Цесаревич и великий князь Гога едут вместе с родителями - сначала в крепость на панихиду, потом на вокзал.
Уложив книги и вещи, Ника берет из шкафа томик Гете. Сегодня немецкий день - дети должны до вечера разговаривать только по-немецки. Мама будет приятно, если он прочитает несколько строф из Гете.
В половине девятого в кабинет цесаревича влетает великий князь Гога.
- Какой мундир ты наденешь сегодня в крепость? - спрашивает младший брат у старшего.
- Конечно, Преображенский, - уверенно отвечает Ника.
- Почему «конечно»? - интересуется Гога.
- Какой ты непонятливый, - морщится Ника. - Потому что папá любит Преображенскую форму. А сегодня первое марта, тяжелые воспоминания... Нужно сделать для него что-нибудь приятное.
- В таком случае я надену измайловский мундир, - улыбается Гога. - Мне надоело каждый день делать то, что нравится папá
Николай Александрович снисходительно смотрит на младшего брата. Шестнадцать лет. Возраст свержения авторитетов.
- Послушай, Ника, - говорит Гога, - а нас могут убить революционеры?
Цесаревич пожимает плечами, отвечает спокойно, рассудительно:
- Существует полиция и жандармы.
- Ха-ха! Полиция, жандармы... А дедушка?
- Перестань, Георгий.
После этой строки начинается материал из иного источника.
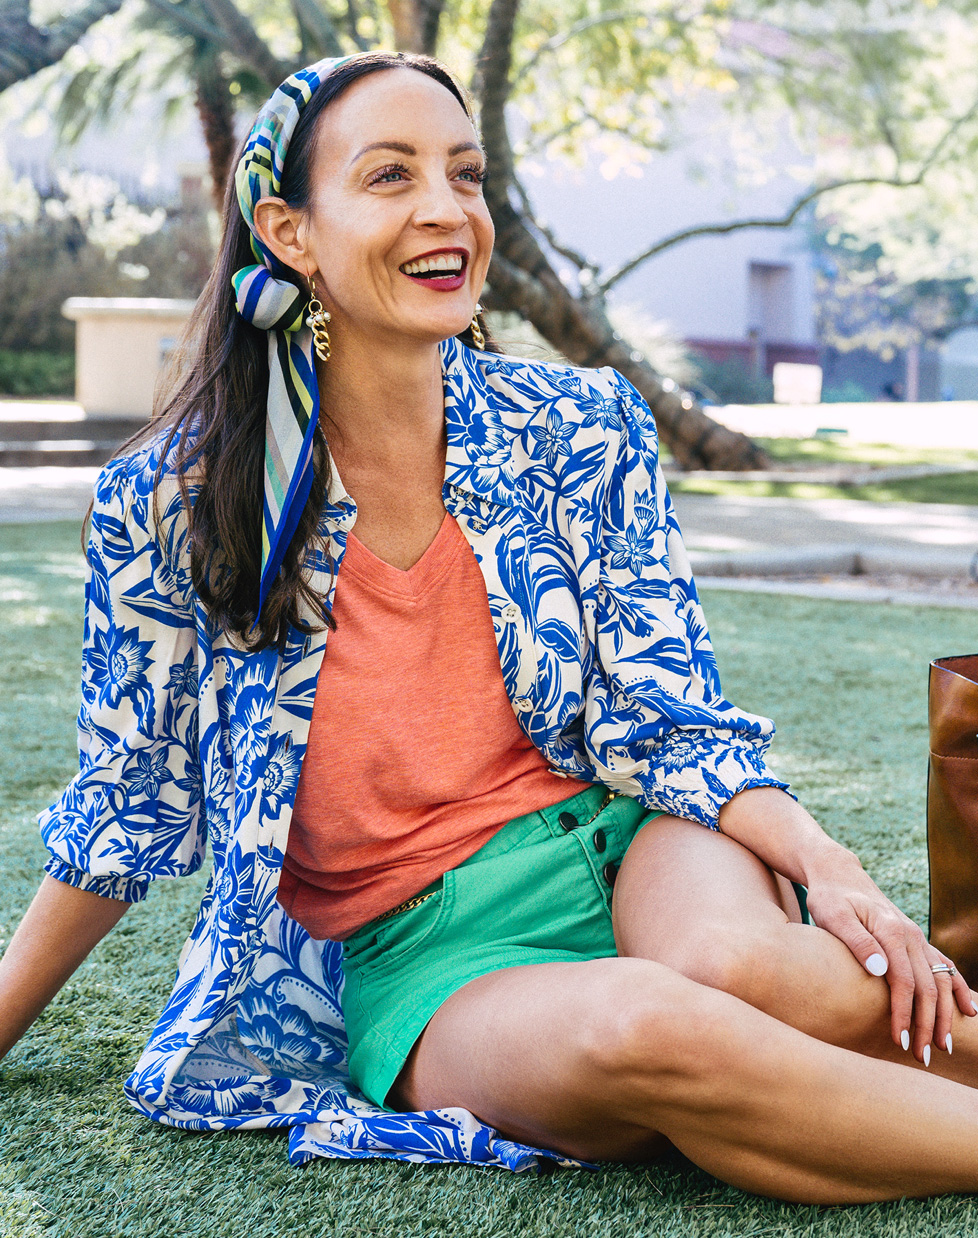 cabi Stylist wearing Serenity Tee in Cantaloupe, Button Fly Short in Waterfall, Athena Dress in Athena Tropical, Baseline Scarf in Circus Stripe, and Wisdom Earrings in Gold.

Ты ведешь разговор, недостойный твоего положения. И вообще тебе еще рано говорить о подобных вещах.
Великий князь Гога пытается закончить неприятный разговор шуткой.
- Впрочем, зачем им убивать меня? - снова улыбается он. - Я же не наследник престола. Они будут убивать тебя. Потому что ты будущий царь.
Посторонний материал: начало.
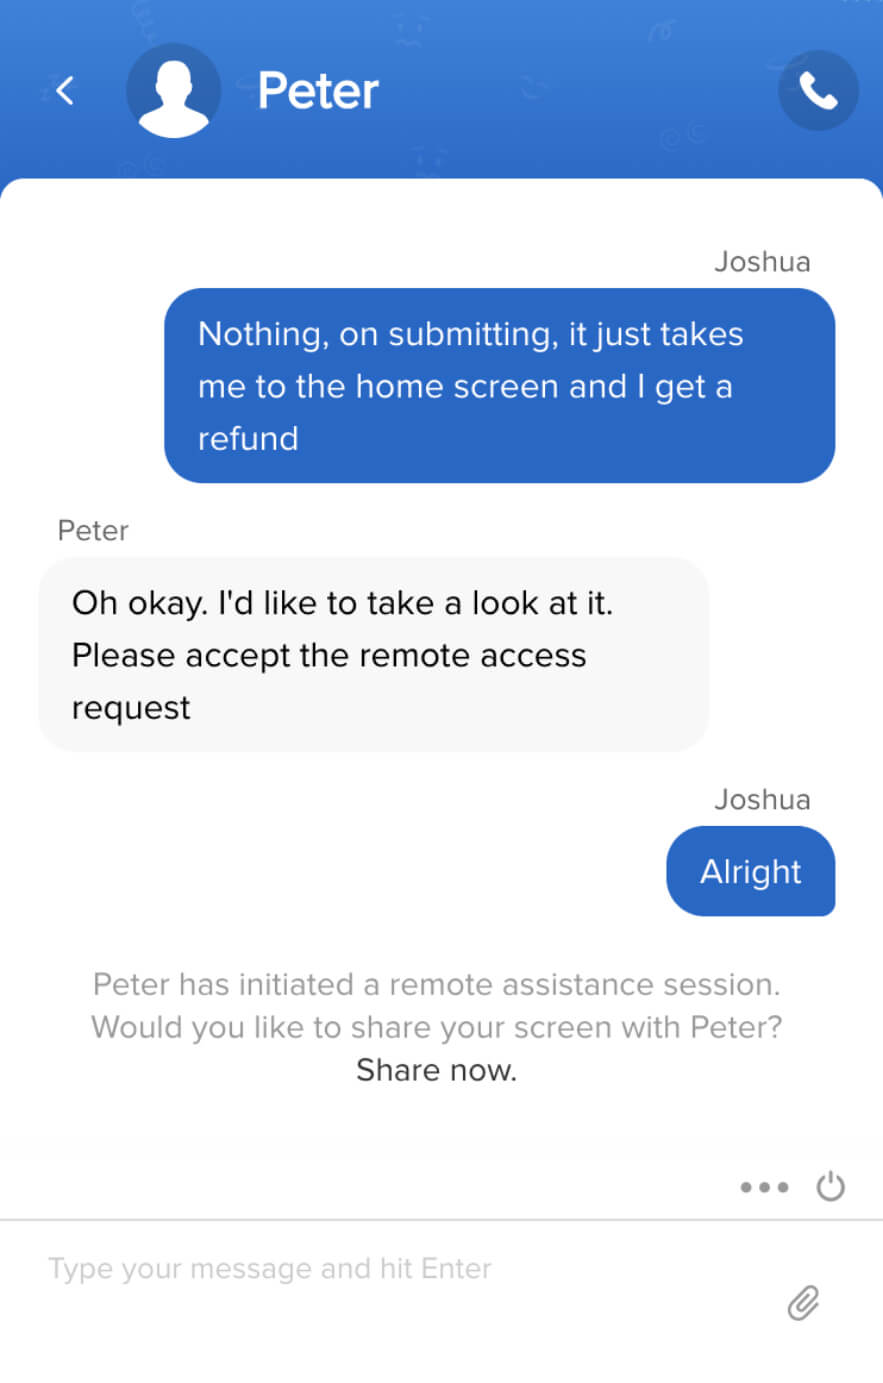 Screen sharing and remote access

Николай Александрович хмурится. В последнее время Гога стал что-то слишком часто подчеркивать, что наследником престола является не он, а старший брат. Мальчишеская зависть? Ревность? Это непозволительные настроения для члена императорской семьи.
- А если со мной что-нибудь случится, наследником станешь ты, - торжественно заканчивает цесаревич свою педагогическую тираду. - Наш папа тоже был вторым сыном и не должен был стать императором, а вот видишь - стал...
- Скажи, Ника, а ведь это только так говорят, что дядя Николя умер сам. На самом деле его тоже убили революционеры, да?
- Что за вздор? Откуда ты взял? Кто сказал тебе?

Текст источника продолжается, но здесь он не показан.